Она что-то сказала, возможно: я чувствую себя так одиноко там, наверху; она знала, как он истолкует ее слова. Через некоторое время он взял ее за руку. Она встала. Постояла в нерешительности. Потом выбежала на улицу. Она понимала, что поступает, как глупая неопытная девчонка, и что для нее это забава. Следом по лестнице послышались шаги, ступени скрипели, а она внезапно задумалась о чем-то очень далеком, очень абстрактном, тогда как тело ее дрожало, словно тело лесного зверя, за которым гонятся.

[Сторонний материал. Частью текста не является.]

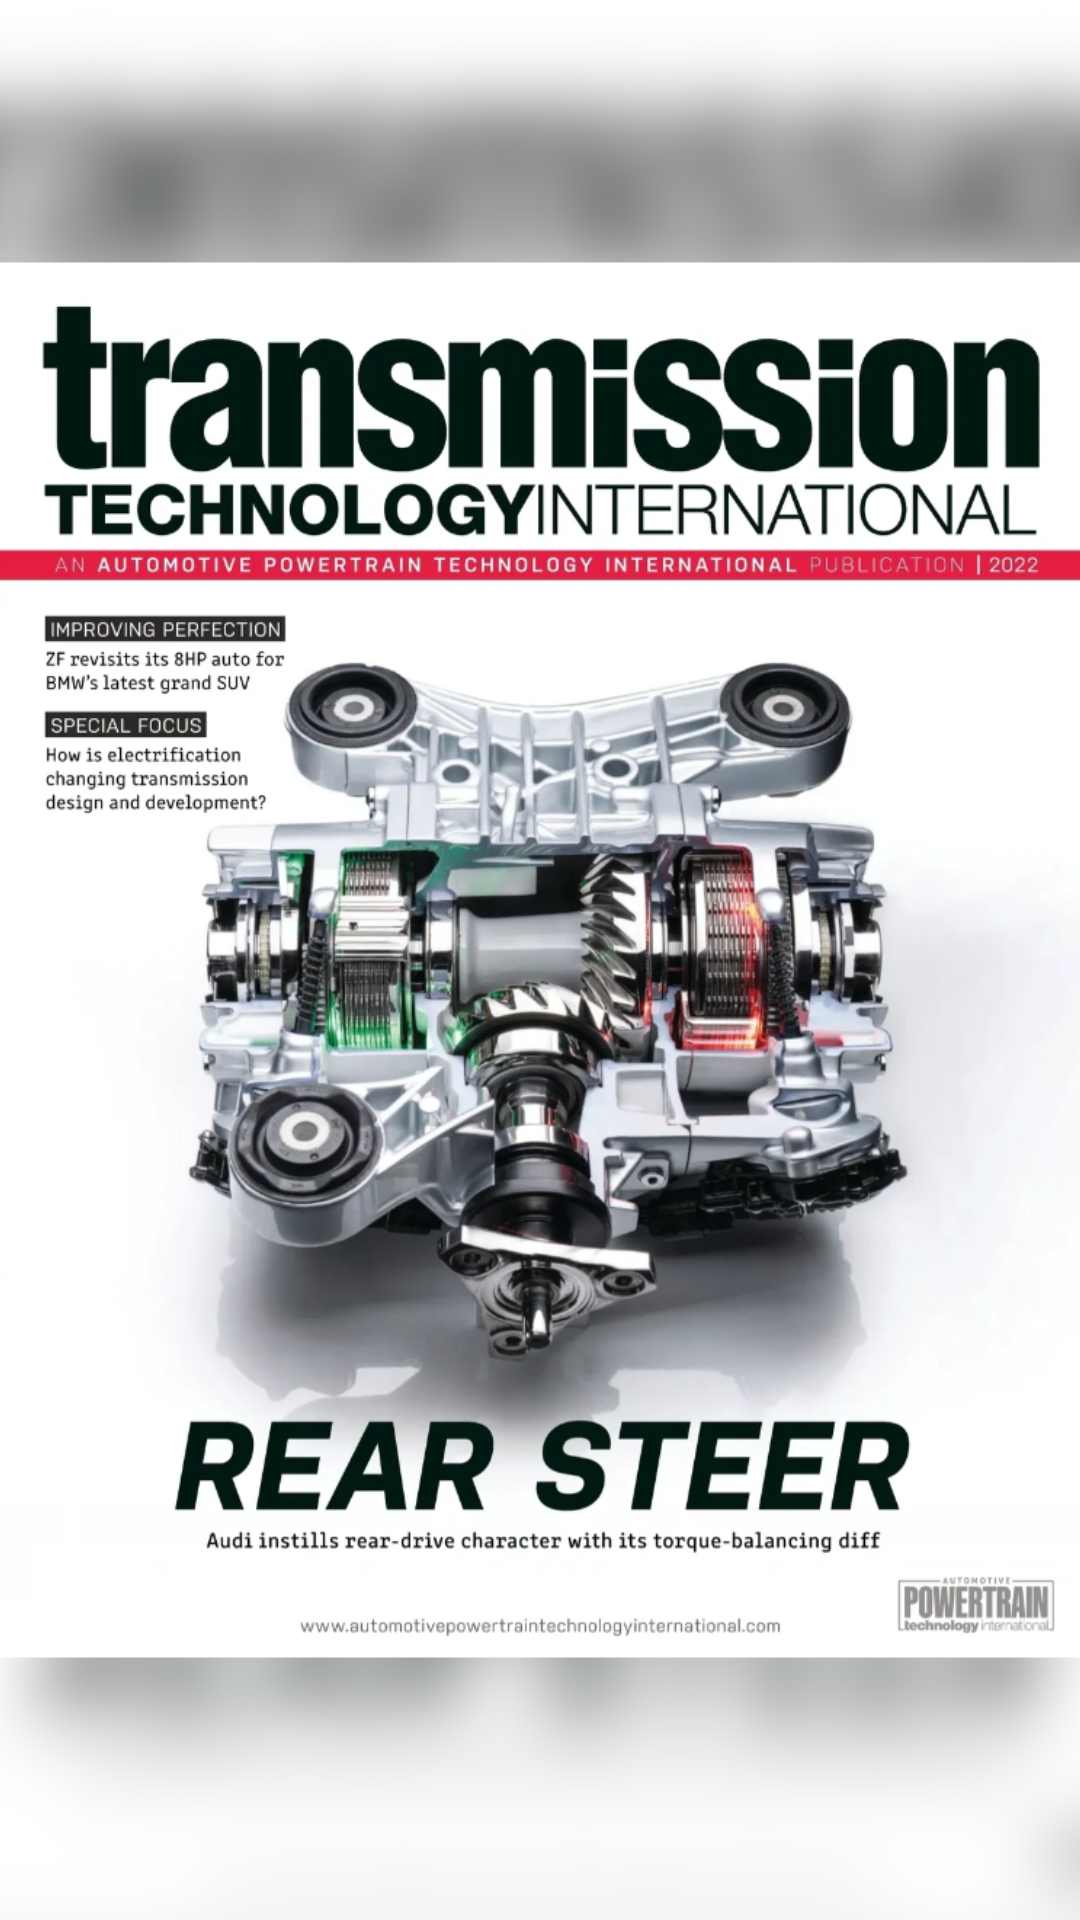 Transmission Technology International 2022 'Rear Steer' front cover.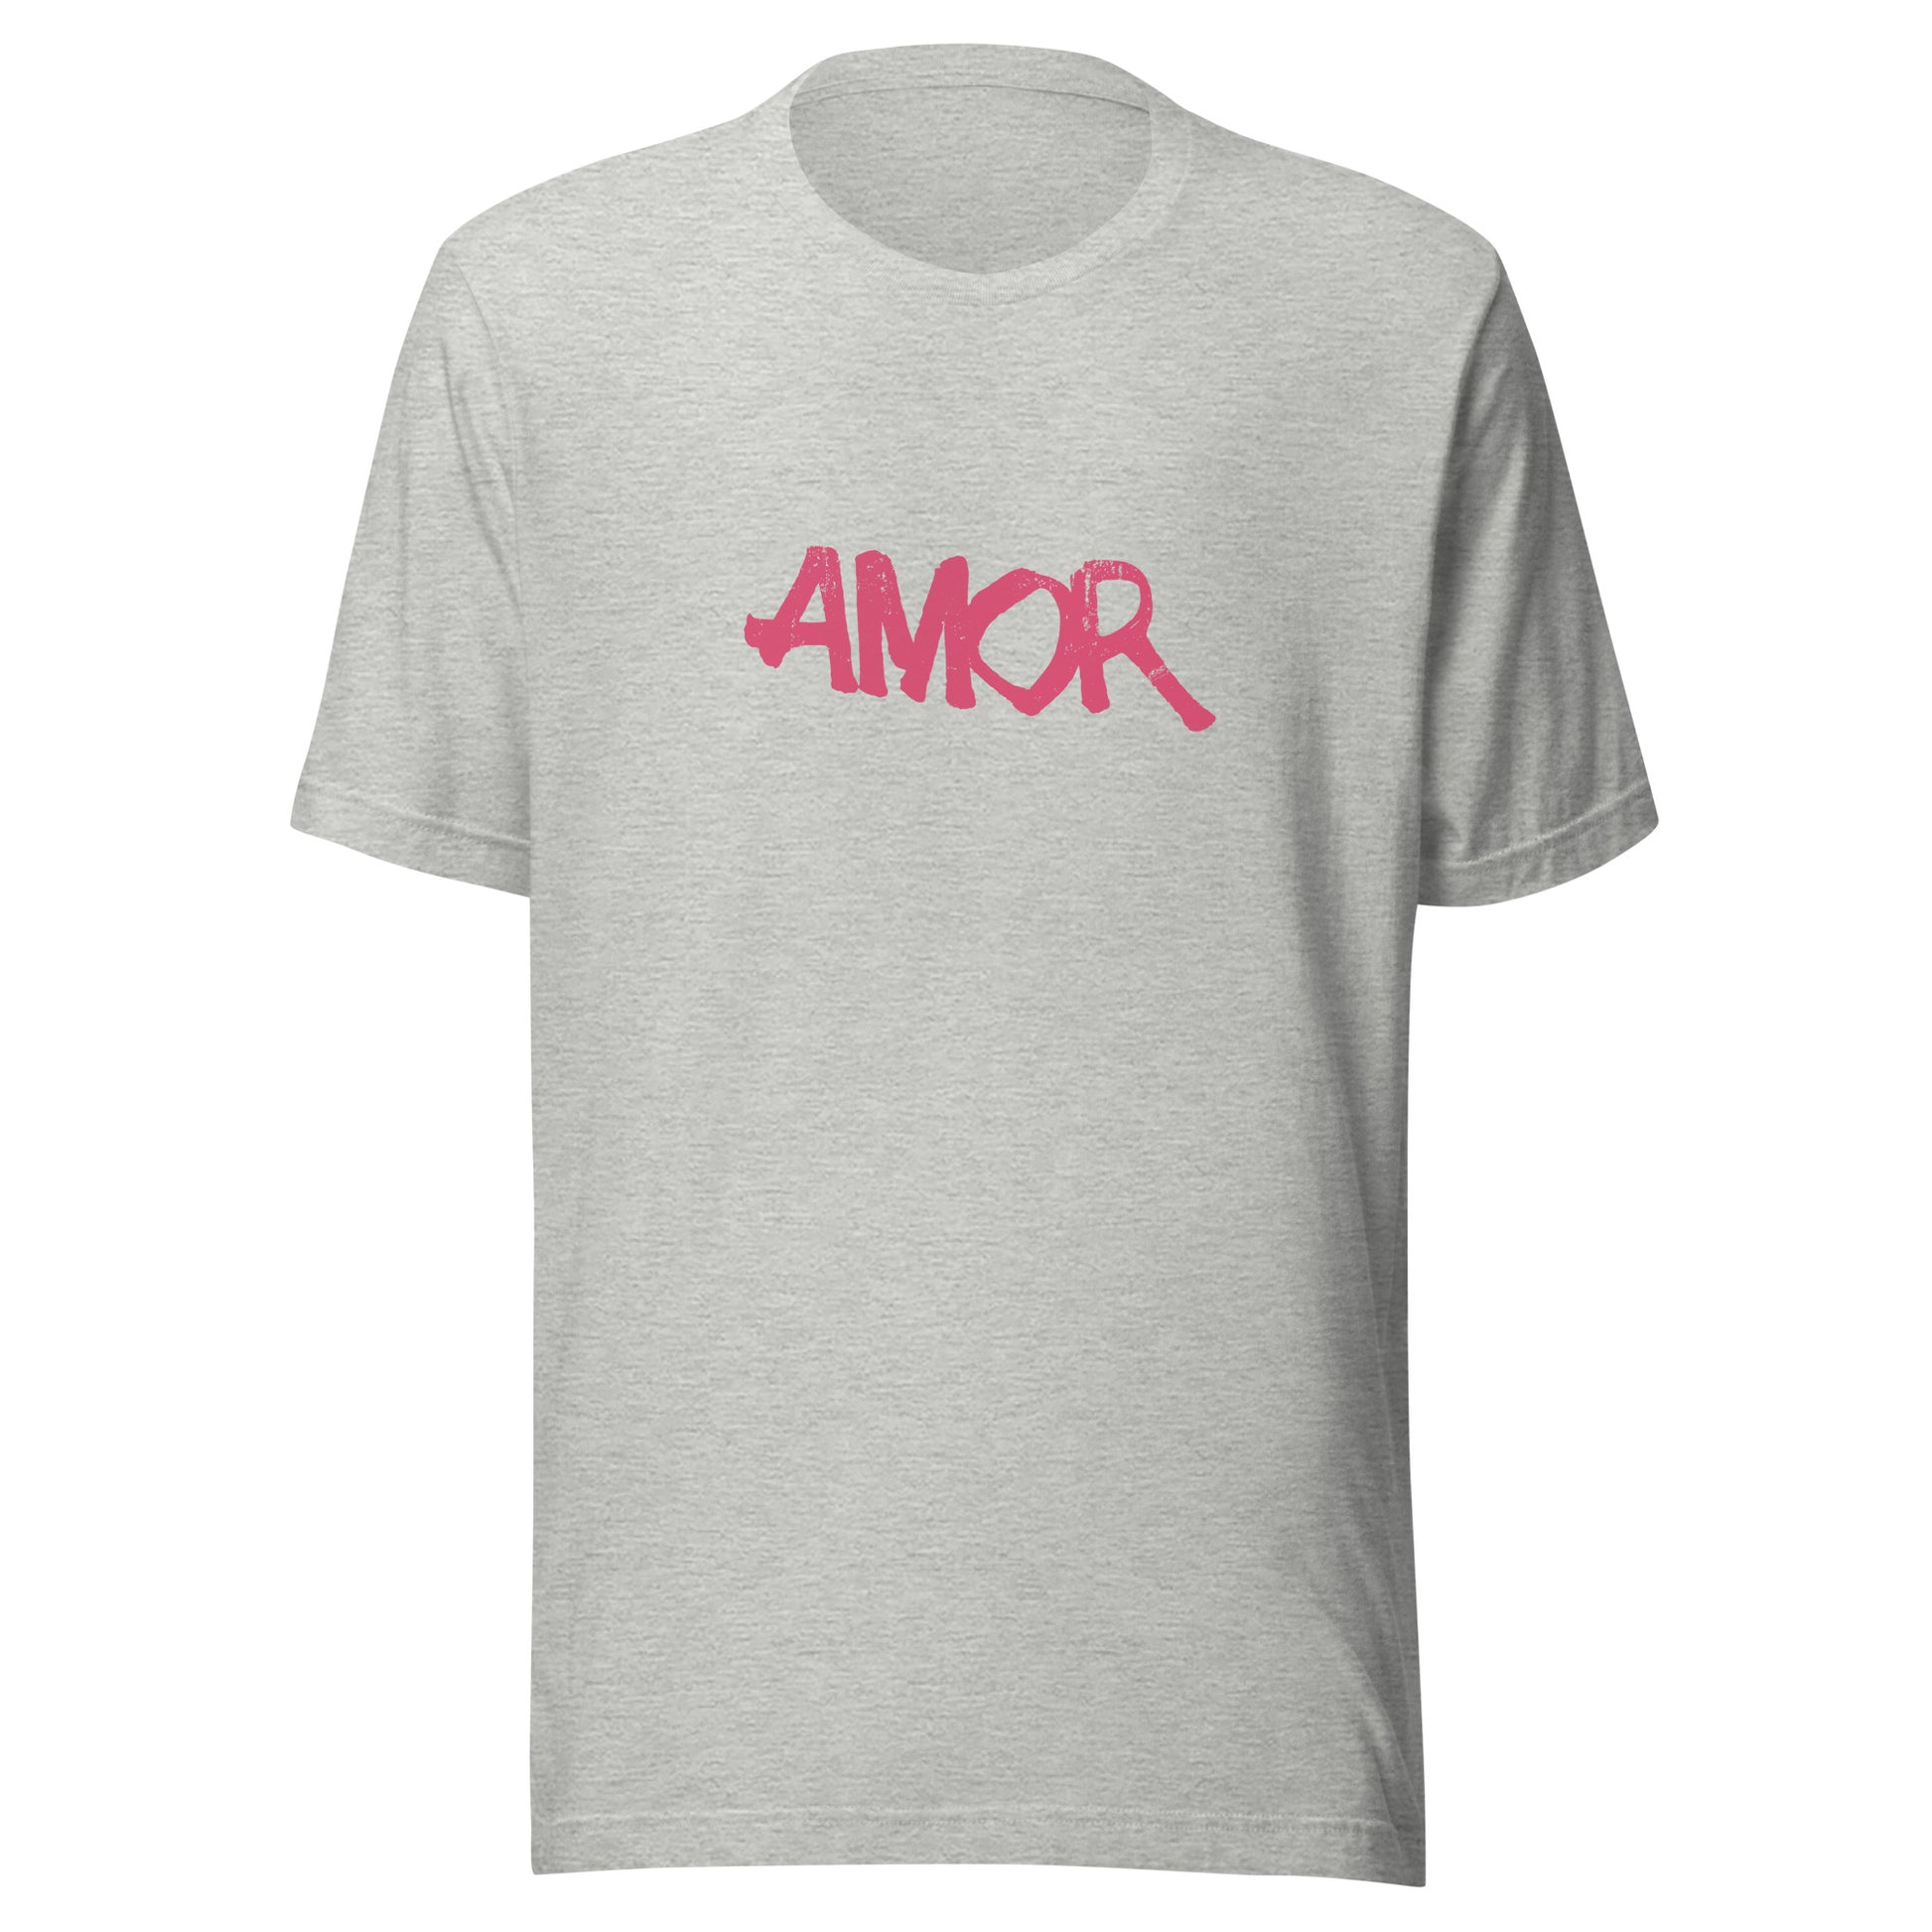 Amor T-Shirt | Art in Aging

Она чувствовала, что из-за этого что-то возникло в ней, как бывает, когда идешь берегом моря, какая-то невпечатлительность в этом общем гуле, которая заставляет сузить любое действие и любую мысль до короткого мгновения, когда постепенно наступает неуверенность, а потом, медленно неумение себя ограничить, отсутствие ощущения границ, саморасползание, переходящее в желание закричать, в жажду невероятно внушительных движений, в какое-то прорастающее из нее самой безо всяких корней желание что-то делать, без конца, чтобы получить при этом ощущение самой себя; и какая-то отсасывающая, смачно опустошающая сила заключалась в этой гибели, когда каждая секунда была диким, отрезанным ото всего, безответственным, беспамятным одиночеством, которое, тупо уставившись, смотрело в мир. И из него вырывались слова и жесты, которые, появляясь неизвестно откуда, скользили мимо, и все же еще были ею, и советник сидел перед нею и невольно наблюдал, как что-то, заключающее в себе его желанную возлюбленную, приближалось к нему, и она уже не видела ничего, кроме безостановочного движения, с которым его борода то поднималась, то опускалась, когда он говорил, равномерно, усыпляюще, словно бородка какой-то мерзкой, жующей негромкие слова козы.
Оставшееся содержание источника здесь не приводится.